Is there a way out? Yes, there is. It is in the word- No. Learn to say No.  And believe me, in our culture that is obsessed with obedience, it is not easy.
But, without this art, you will be overloaded with requests and assignments, and continuously overworked and missing deadlines, the quality of your work will slip, and you will take on assignments that you don’t enjoy and that don’t pay enough for the time you spend on them.
By saying “no”, although you might feel that others will feel offended, you are also sending a strong message that you value your time, that you have priorities, and that you also respect the person to whom you’re saying no, as you don’t want to commit to something and then do a lousy job or not do it at all.
Now the question arises, should you say “no” to everything that comes your way? Of course not .But it’s also important that you know what you can handle, what you really want to work on, and whether the current request you’re considering fits within your priorities.
If you have trouble saying “no”, here are a few tips to try out.
Yes, sure but…
It may sound counterintuitive, but try moving from Yes to No. Do it as a form of mental judo. You say “yes” to the request and then say “Sure, but I am too caught up right now can you get back to me on this in a month or so? I don’t want to commit to it unless I can actually do a great job on it.” Believe me, if you have the courage and diplomacy to say that no boss in the world will be mad at you.You are not turning down your boss outright, but are putting the ball back in hiscourt. However,say these things if you are sincere about wanting to do it, but can’t do it right now. This takes the burden of action off of you for the moment, without having to actually say no.

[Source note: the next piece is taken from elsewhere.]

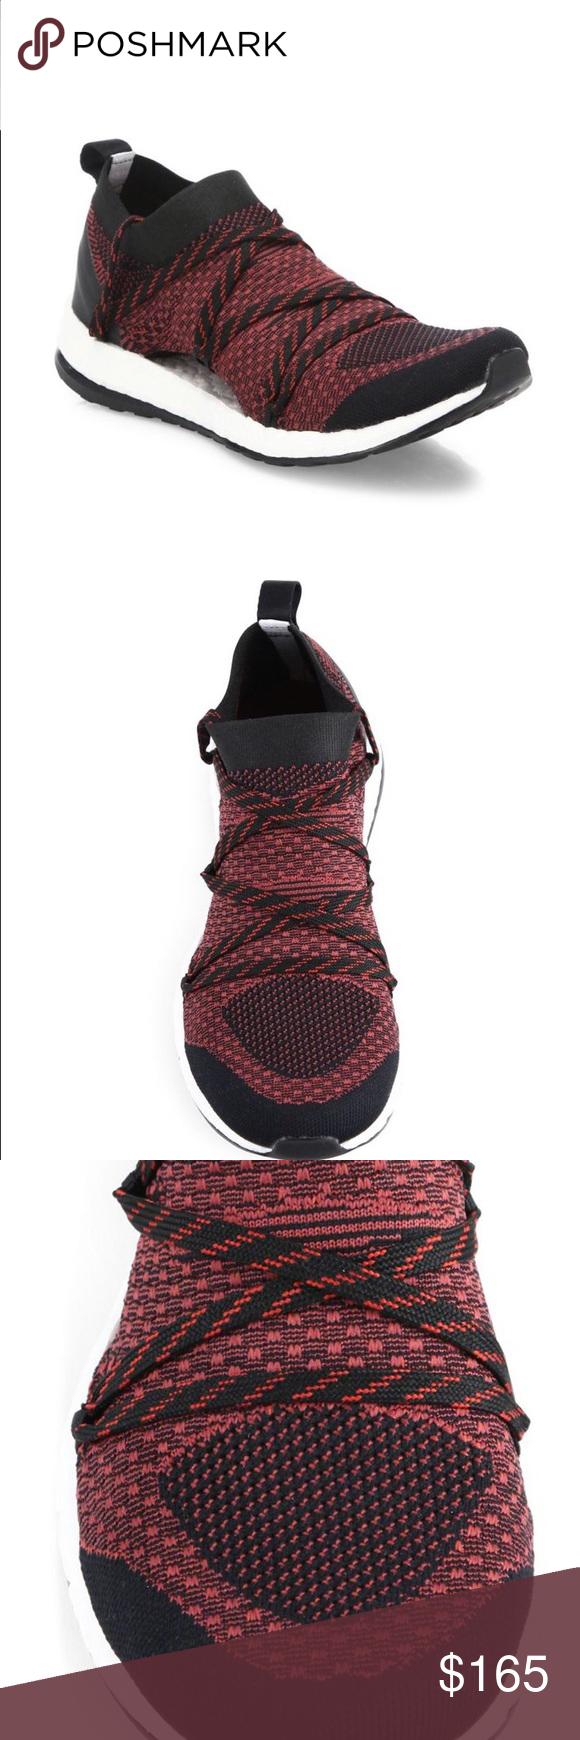 b7b37ca8ebc0e Adidas by Stella McCartney running sneakers Brand new Adidas by Stella  McCartney pure boost X running

You send the message that this sounds like a great  assignmentto you, but you just can’t because of your schedule or other commitments. Instead of rejecting outright, suggest alternatives to help the other person out.
First Things First:
In order to know when to say no, you need to know what’s on your plate. You should have a running list of all your current tasks as well as an action task list, made up not of projects but of concrete action steps you need to complete in the next week or so. Once you see this list of all your commitments, you can decide whether the request can fit into your schedule, and if it’s of high enough priority to place on your list of commitments. Guard that list carefully, and only add stuff on there if they are essential. Just focus on the important tasks, first things first.
Time is money:
One reason a lot of people can’t say no is that they feel that their time is not as valuable as someone else’s time. For example, if someone asks you to do something that they could easily do themselves, and you say yes, you are in effect saying that their time is more valuable than yours – or else why would you do it instead of them? Learn to value your time – you only have a finite amount of it, and it’s perhaps your most valuable asset – and learn to show others that you value it by not taking on requests that don’t actually need to be done by you.

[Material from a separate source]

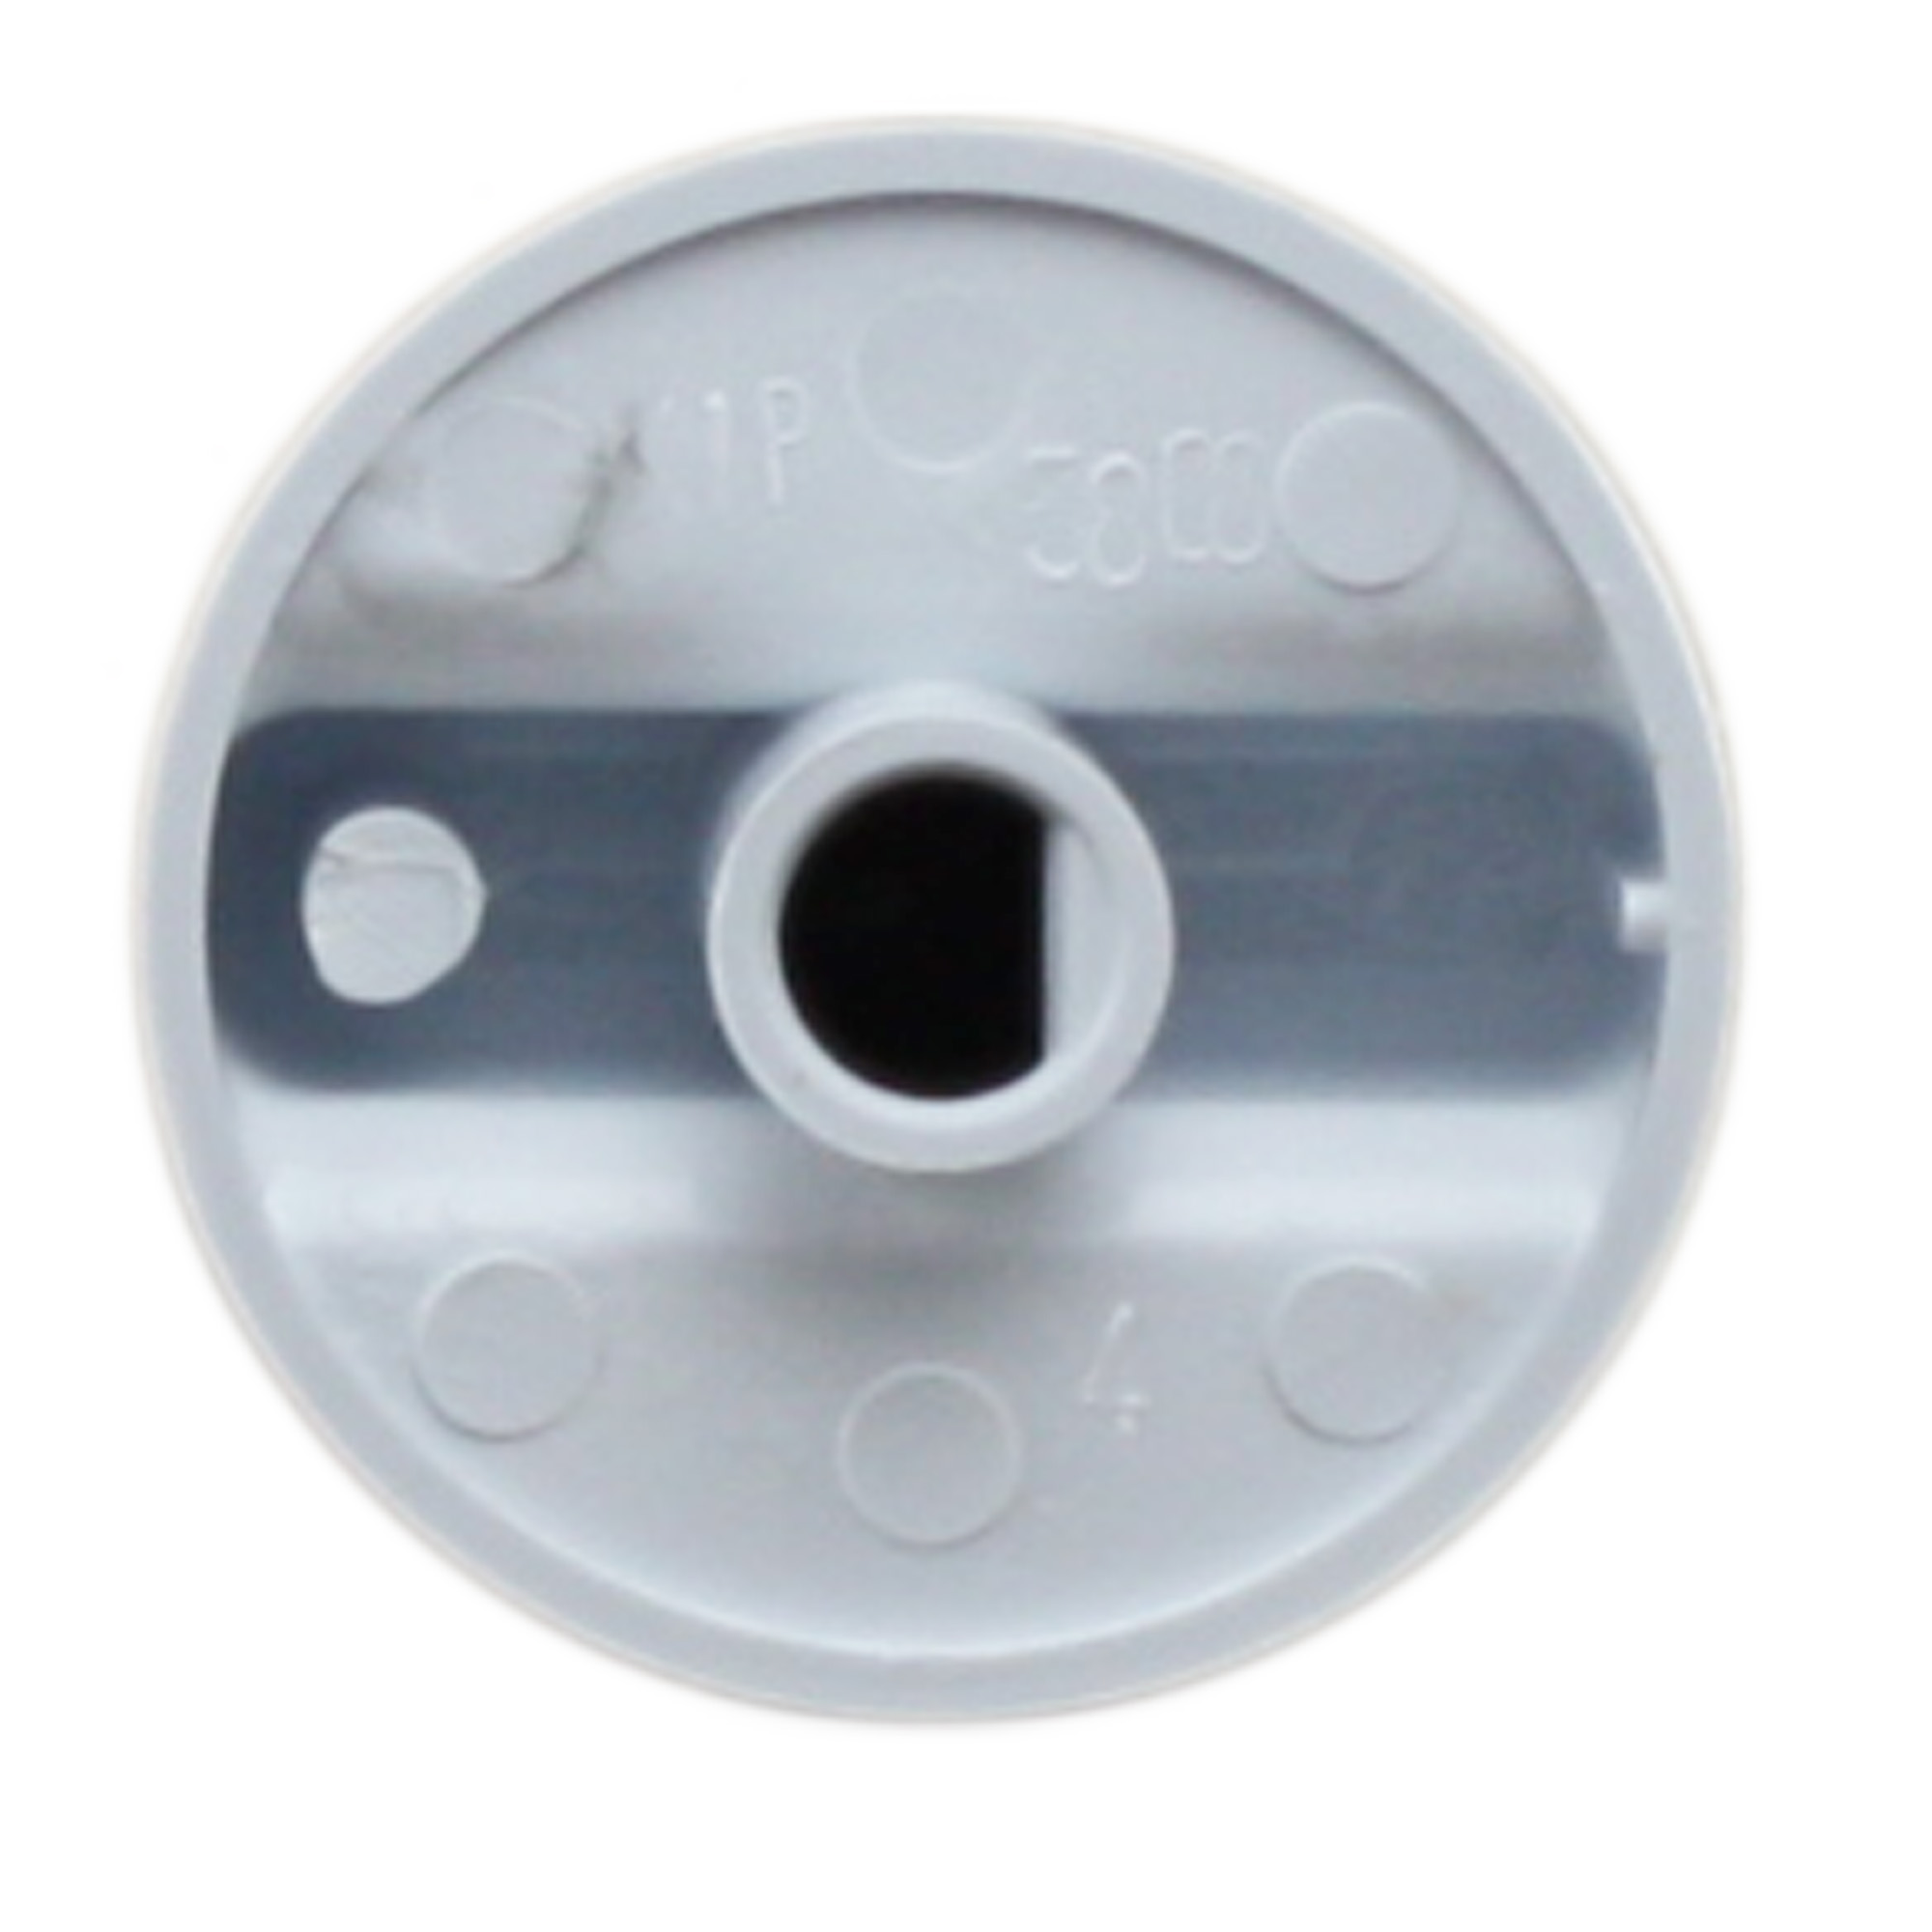 Genuine 131858004 Frigidaire Dryer Knob

Put it on the back burner:
Sometimes it is better to just defer and say “My plate is really full right now. Could you ping me in two weeks on this?” The other party may actually put a reminder in its calendar to ping you in two weeks. If not, it might forget about it. Sometimes, if you defer twice in a row, the other person will give up. But it’s not good to defer too many times on a single request, as it makes you look bad. After two deferrals, on the third request, you should give a definite answer.
Be polite, but firm:
Ever since our childhood we are so obsessed with being obedient and saying yes to everything that saying no amounts to being disobedient. One mistake a lot of people make is being too nice, and too wishy-washy. If you speak like that you may appear to be wavering. If you respond like that, a strong person will continue to press that request until you say yes, because they think there’s a chance you are going to change your mind. You have to make it clear, if you say no, that you’re not going to change your mind. But don’t be rude about it. A simple, “No, I just can’t right now” will suffice.
Pre-empt. If you think that a request is likely to be made, it’s easier to tell people you’re busy before the request is actually made. If you’re meeting with someone, you could say something like, “Before we get started, I have to let you know that my schedule is booked solid for a month, so I won’t be taking on any new projects for at least 30 days.” That will warn the person about to make a request, and they cannot blame you if you say no to a request.
Never apologize:
Never say,” I am sorry”. Again, you have to respect your time. If you apologize, you are sending the message that you are doing something wrong by saying no, that somehow you don’t have a strong right to say no. It’s very tempting to apologize, I know. We often say things like, “I’m sorry, but …” or “I wish I could, I’m so sorry” just because we’re uncomfortable giving an outright no. But again, you are sending the wrong message.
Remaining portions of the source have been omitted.